INDReporter

LPTFA taking over Joie de Vivre?

by Leslie Turk

The troubled Acadiana Outreach Center hopes the Lafayette Public Trust Financing Authority will keep its Joie de Vivre project alive.

Still reeling from gross mismanagement at its Abbeville treatment facility and loss of outside funding sources, Acadiana Outreach Center is looking for a lifeline for Joie de Vivre, a $16.5 million mixed-use, affordable housing development near downtown.

"Because of the dire straits our prior management left us in, we've reached the end of the road," says AOC board member Bo Billeaud. At a 1 p.m. meeting today, Billeaud will make a brief presentation to the board of the Lafayette Public Trust Financing Authority, requesting that it acquire AOC's interest and other assets in the vicinity of the project. The meeting will be held at Lafayette Consolidated Government's building at 705 W. University Ave. on the second floor.

Joie de Vivre is being partially funded by federal low-income housing tax credits that will be sold to private investors. Those tax credit investors, who would own 99.99 percent interest in the project with AOC owning .01 percent, have requested additional backers or a new sponsor because of AOC's problems.
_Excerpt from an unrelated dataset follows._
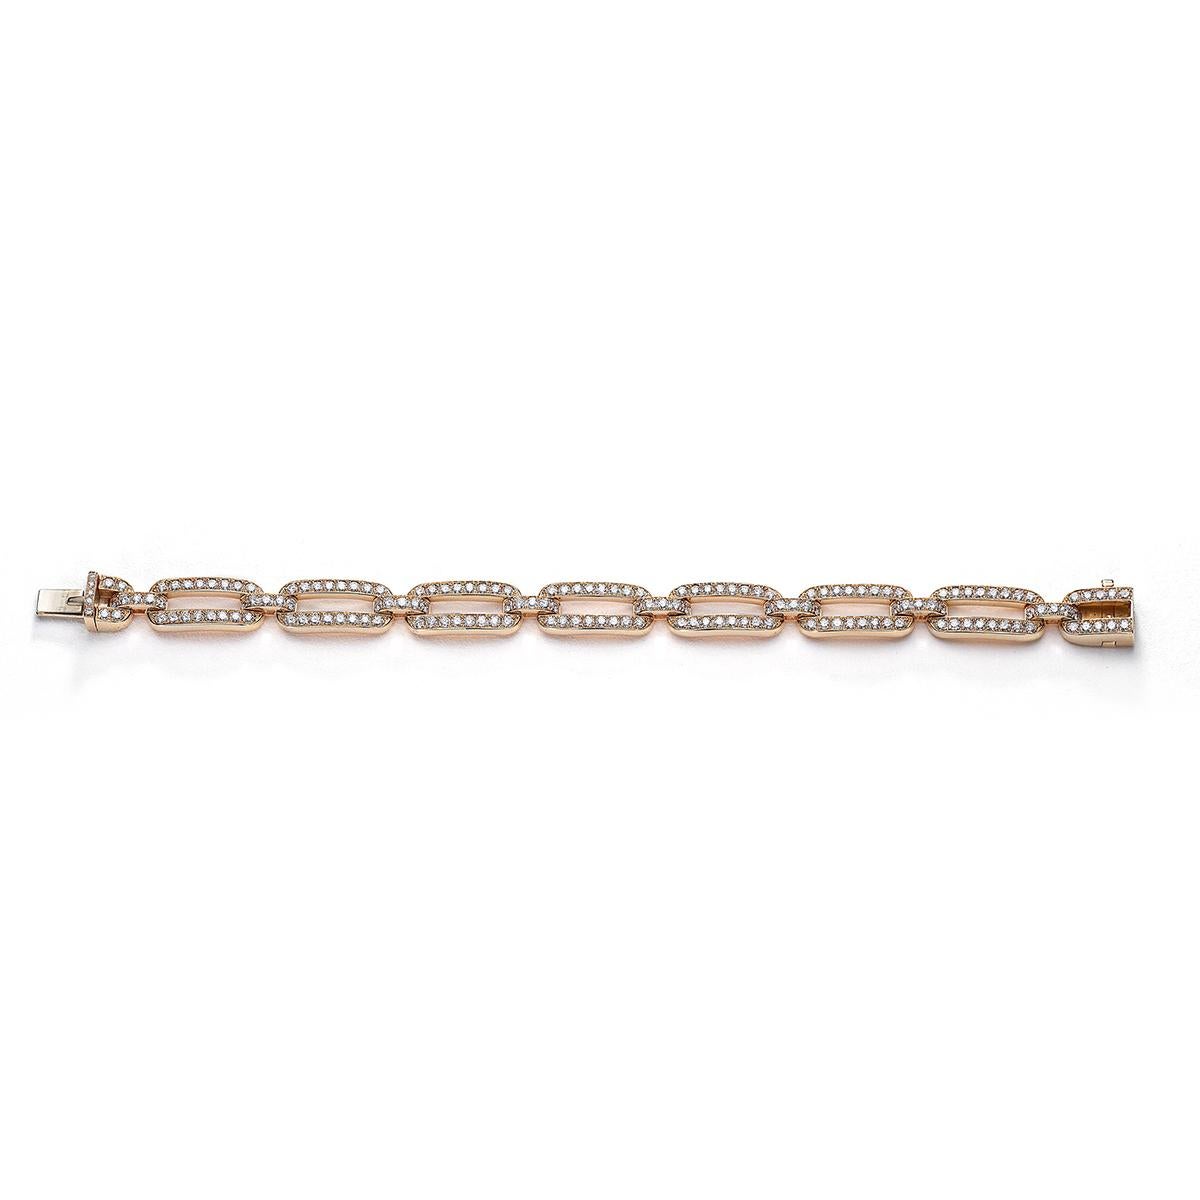 Bracelet in 18kt pink gold set with 171 diamonds 4.99 cts

In the absence of that, it will require AOC to post a half million dollar performance bond, Billeaud says, which is not an option.
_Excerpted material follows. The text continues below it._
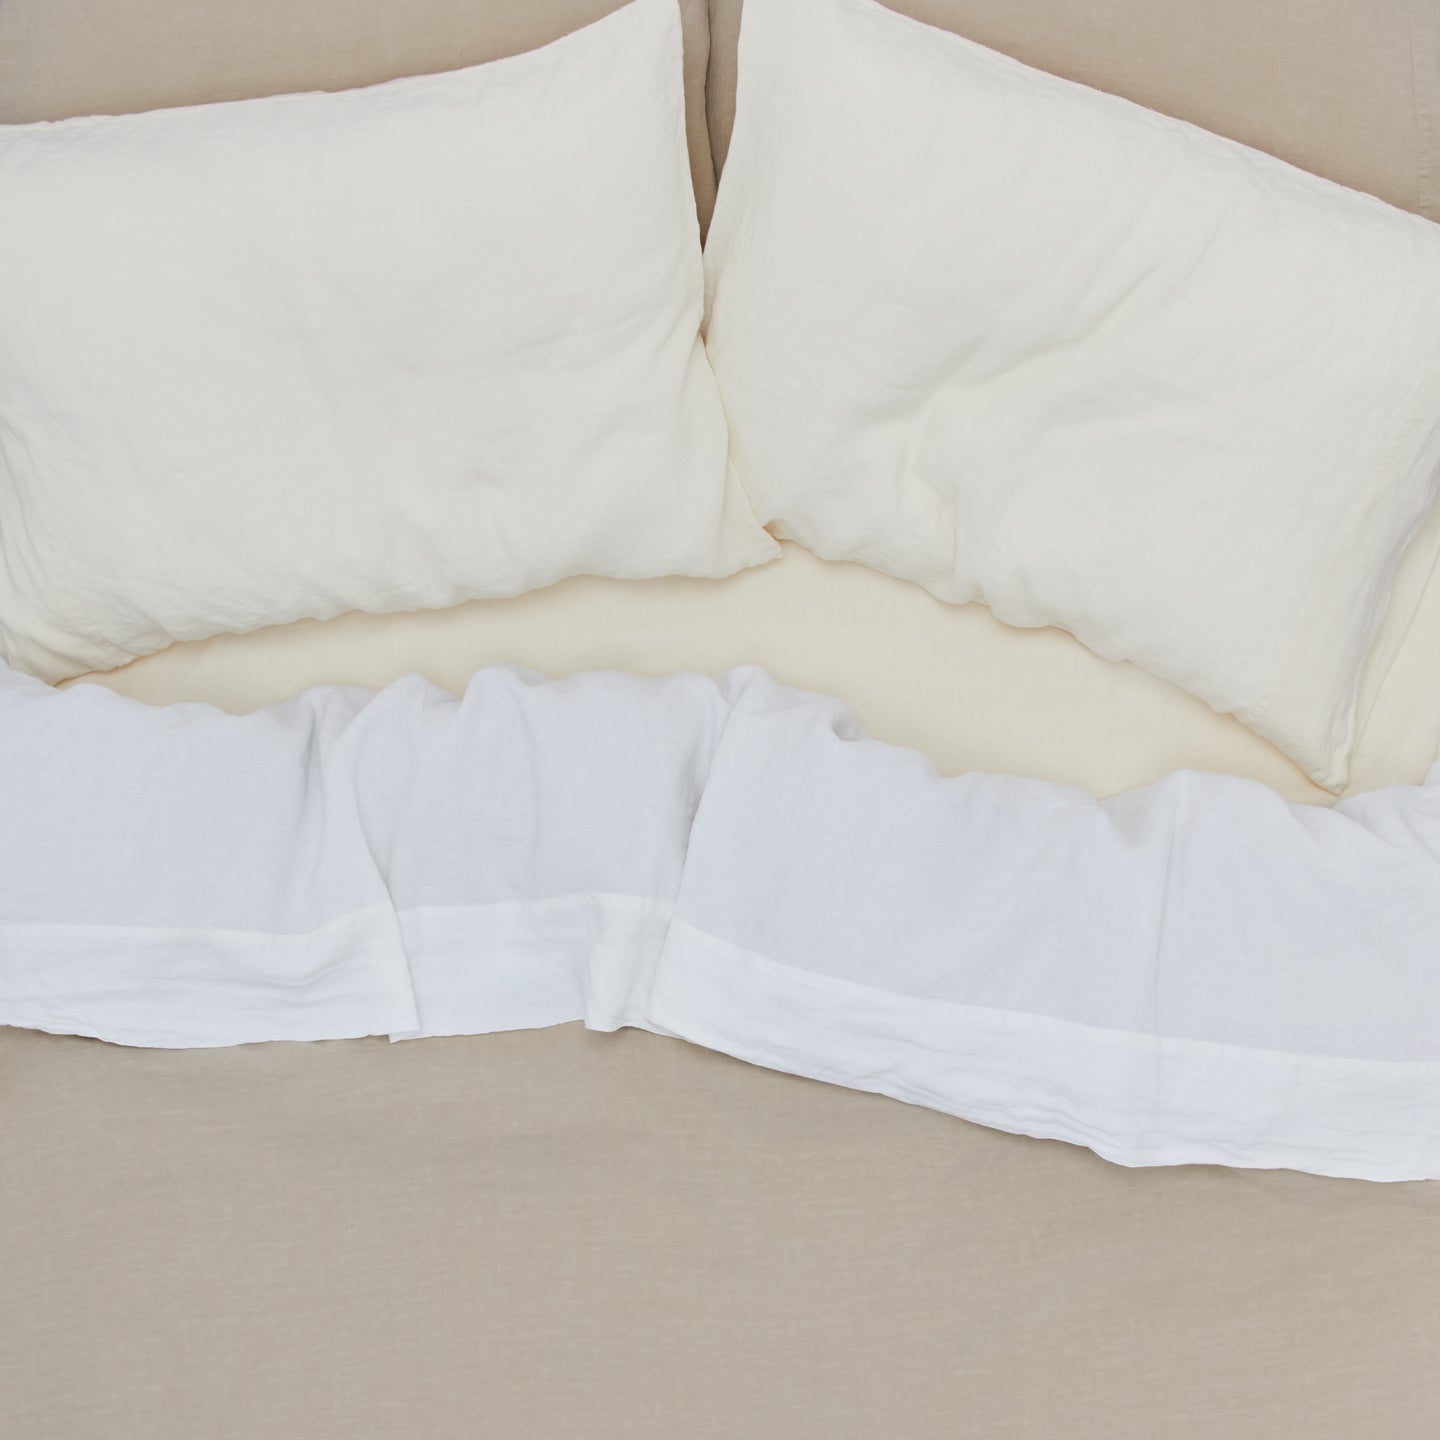 Simple Linen Pillowcases, Set of 2 - Ivory

LPTFA already has an interest in Joie de Vivre, as it loaned the project $1 million. One potential attraction for LPTFA, a public trust organized under the laws of the state and established for the benefit of the city of Lafayette, is a $1.9 million development fee, which it would share with the project consultant, presumably its former board member Greg Gachassin.
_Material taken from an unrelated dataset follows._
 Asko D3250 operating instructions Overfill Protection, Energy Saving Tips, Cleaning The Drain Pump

LPTFA is nearing completion on a similar project it spearheaded, the $10 million Cypress Trails apartment complex in north Lafayette.

Joie de Vivre, located in the Mills Addition near downtown, was supposed to break ground in September and be finished next year. Though most residents in the area have spoken out publicly in favor of the project, it has met significant resistance from some neighbors.

Without LPTFA's help, the project may be dead, Billeaud says. "Unless we have a guardian angel come in."